The Common Good Amid Individualism | Sojourners

The Common Good Amid Individualism

Two churches,  Silva Vikmane / Shutterstock.com
Two churches, Silva Vikmane / Shutterstock.com

We have a special community here in Pasadena, Calif. There are incredible resources available to those who live and work in the area: Caltech, The Jet Propulsion Laboratory, The Rose Bowl, the Angeles National Forest towering above us, The Huntington Gardens and Museum, The Norton Simon Museum, and many diverse religious institutions including Fuller Seminary. Yet we are also a divided city, a portion of which benefits much more from these institutions and a portion of which does not. A neighbor of ours who is a professor at Occidental College describes Pasadena as a "A Tale of Two Cities."

It is in this environment that my wife, Maddie, and I have been realizing that as Christians and activists, we have both an obligation and an opportunity to engage in effecting change here in Pasadena. We've also discovered that we can find great joy in the work of being in community with others for the purpose of bringing God's Kingdom ('Kindom') to all people who live in Pasadena. A city divided by extreme income inequality—an inequality mirrored at the national level—represents a challenge and a chance to make a difference.

As Americans, we live in a culture that is hyper-individuated, fragmented, and dehumanizing as it pushes a mantra of success based on material accumulation and power. Being in community with others is the countercultural answer to this. Doing so with others unlike ourselves is an important part of this. At the end of the day, above the polarization and partisanship, there is much we can do to promote the common good together. As Maddie put it at a meeting that brought Christians of opposing social interpretations together, "We may never agree on some issues, but that is not why we're here; we're good people, you're good people, let's do good together."

We are members of All Saints Episcopal Church in Pasadena. Our faith has been foundational to our political activism over the last 10 years. There is another church in Pasadena that we've begun to take an interest in developing a relationship with:

Lake Avenue Church. The former is known as a liberal church and the latter, a conservative one. So what are a couple of liberal activists doing, taking an interest in a conservative church? 

Oddly enough, the answer comes in part through our having co-facilitated an interfaith program between All Saints Church and the Islamic Center of Southern California. In that experience, as we studied each other's faiths, we discovered our common humanity and found a beautiful and rewarding experience of togetherness and kinship.

While there continues to be work needed to advance interfaith dialogue in our community and nation, there also needs to be energy put toward intra-faith work. Other progressive churches readily join in with All Saints Church in the pursuit of social and economic justice — and we wondered how a more conservative evangelical church would take to the idea.
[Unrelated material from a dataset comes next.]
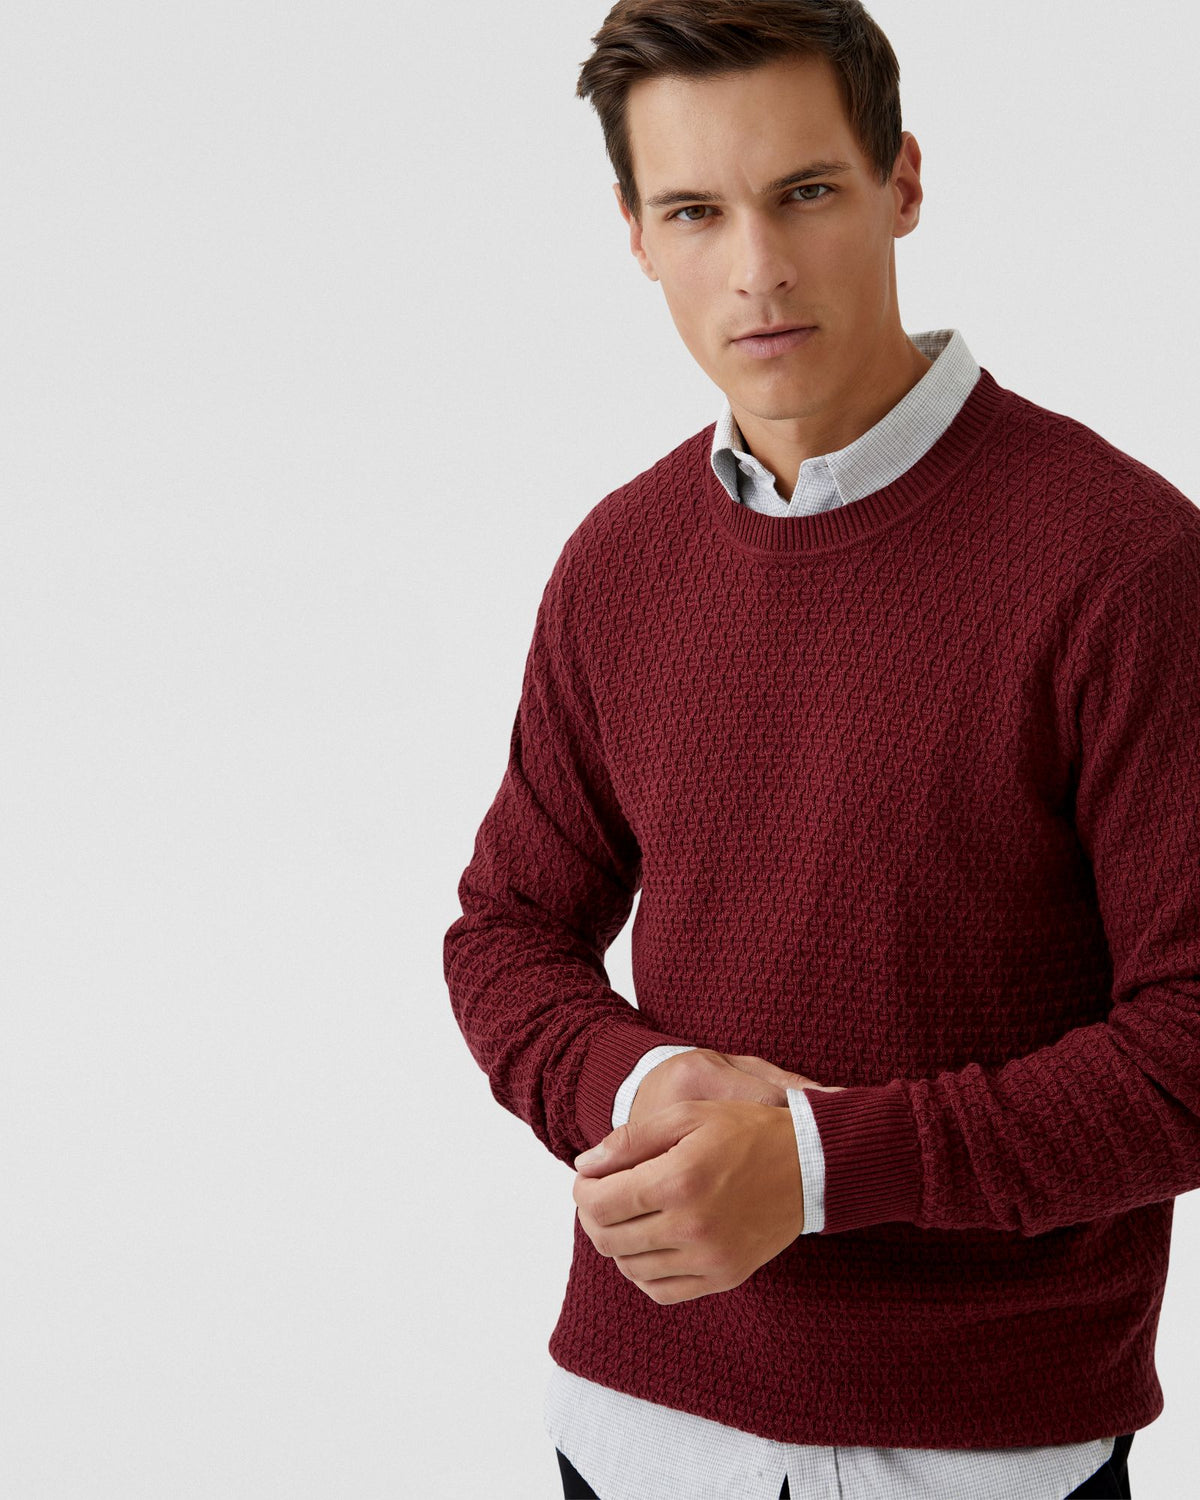 TOBY TEXTURED COTTON KNIT MENS KNITWEAR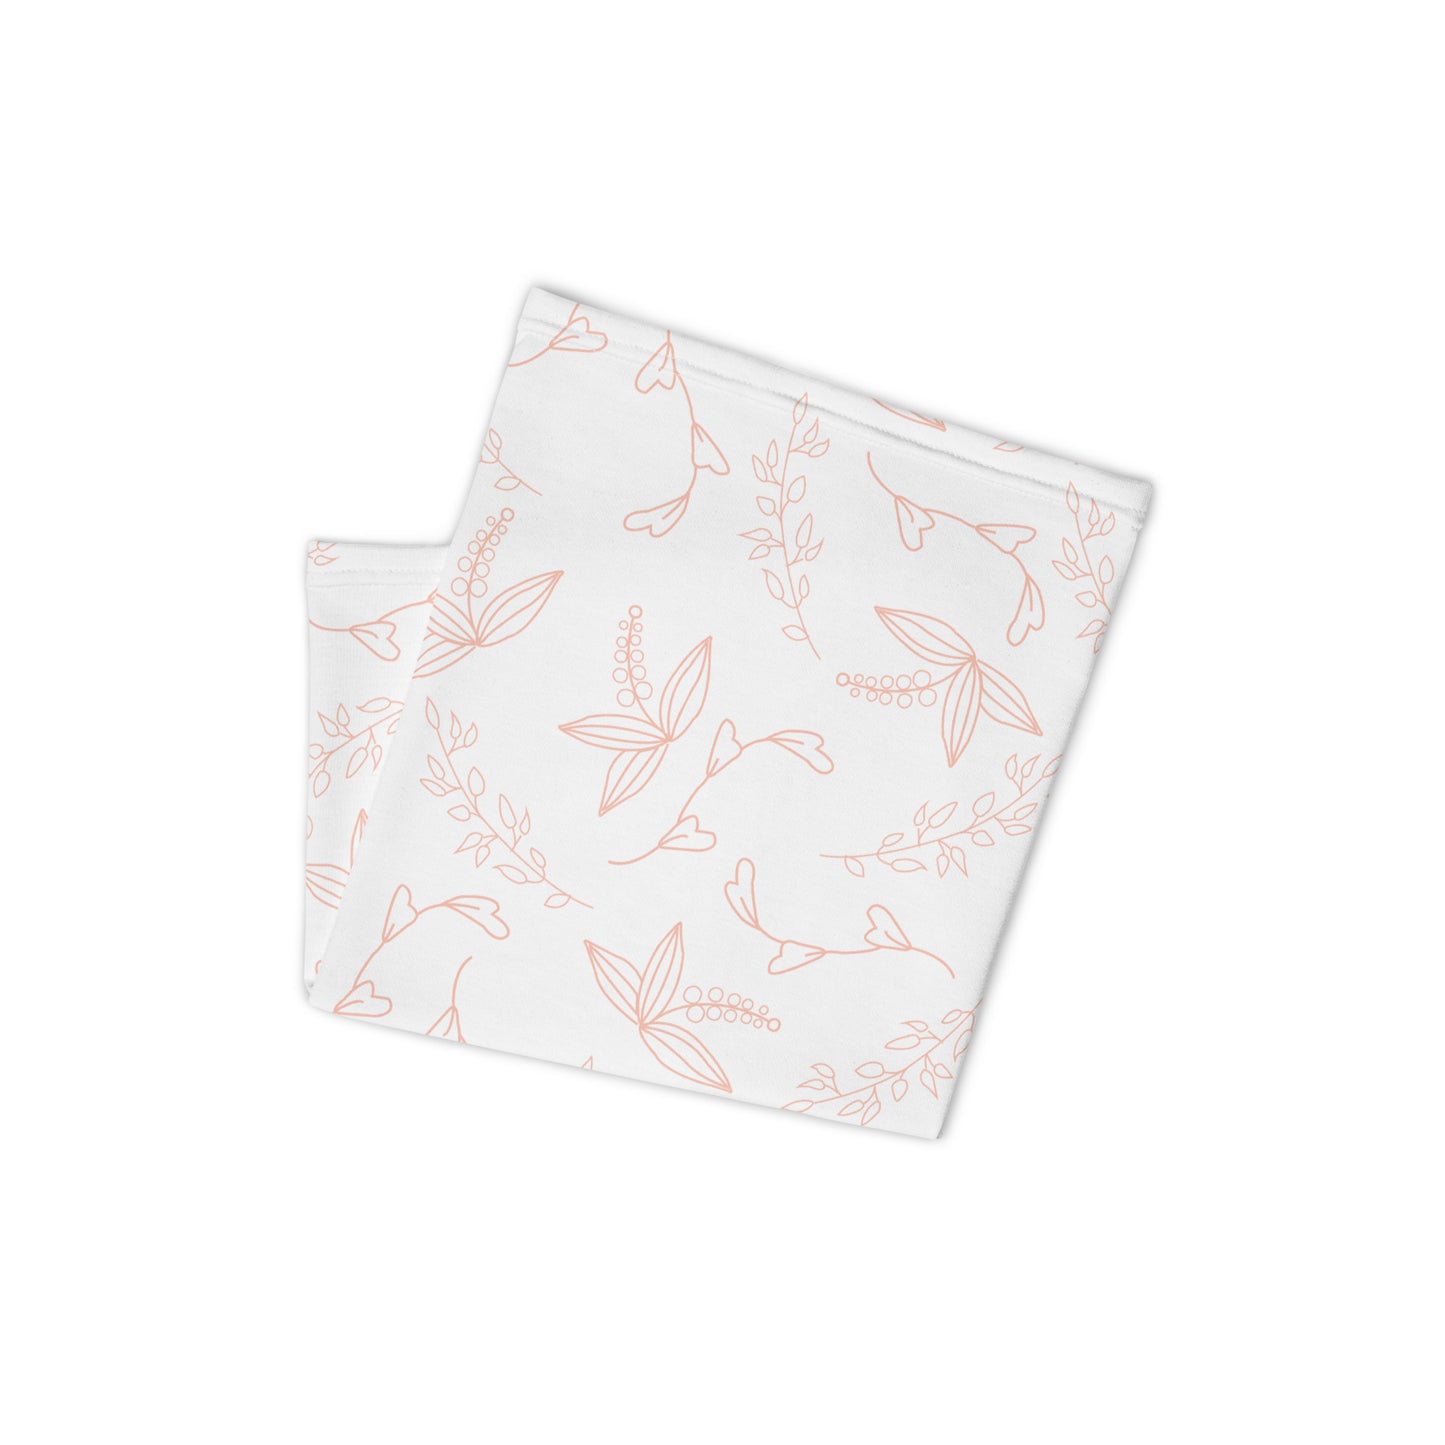 White Floral - Sustainably Made Neck Gaiter

We discovered that setting the stage could be as easy as extending an invitation, gathering together and exchanging ideas, ultimately arriving at the idea that "Good people can do good together." We're now looking forward to a series of events with each other, including a focus on poverty here at home with the Sojourners initiative and work revolving around the evangelical Christian initiative "I Was a Stranger" on the subject of immigrant issues.

One of our mutual goals is to understand our faith though new perspectives — not to change each other’s minds about each other's mutual faith. From that, we hope to find collaborative justice opportunities once we get to know each other, ultimately moving Pasadena toward one whole community, one whole city, for the common good.

Patrick Briggs attends All Saints Church in Pasadena, and is a leader in the Occupy Democracy-Pasadena movement.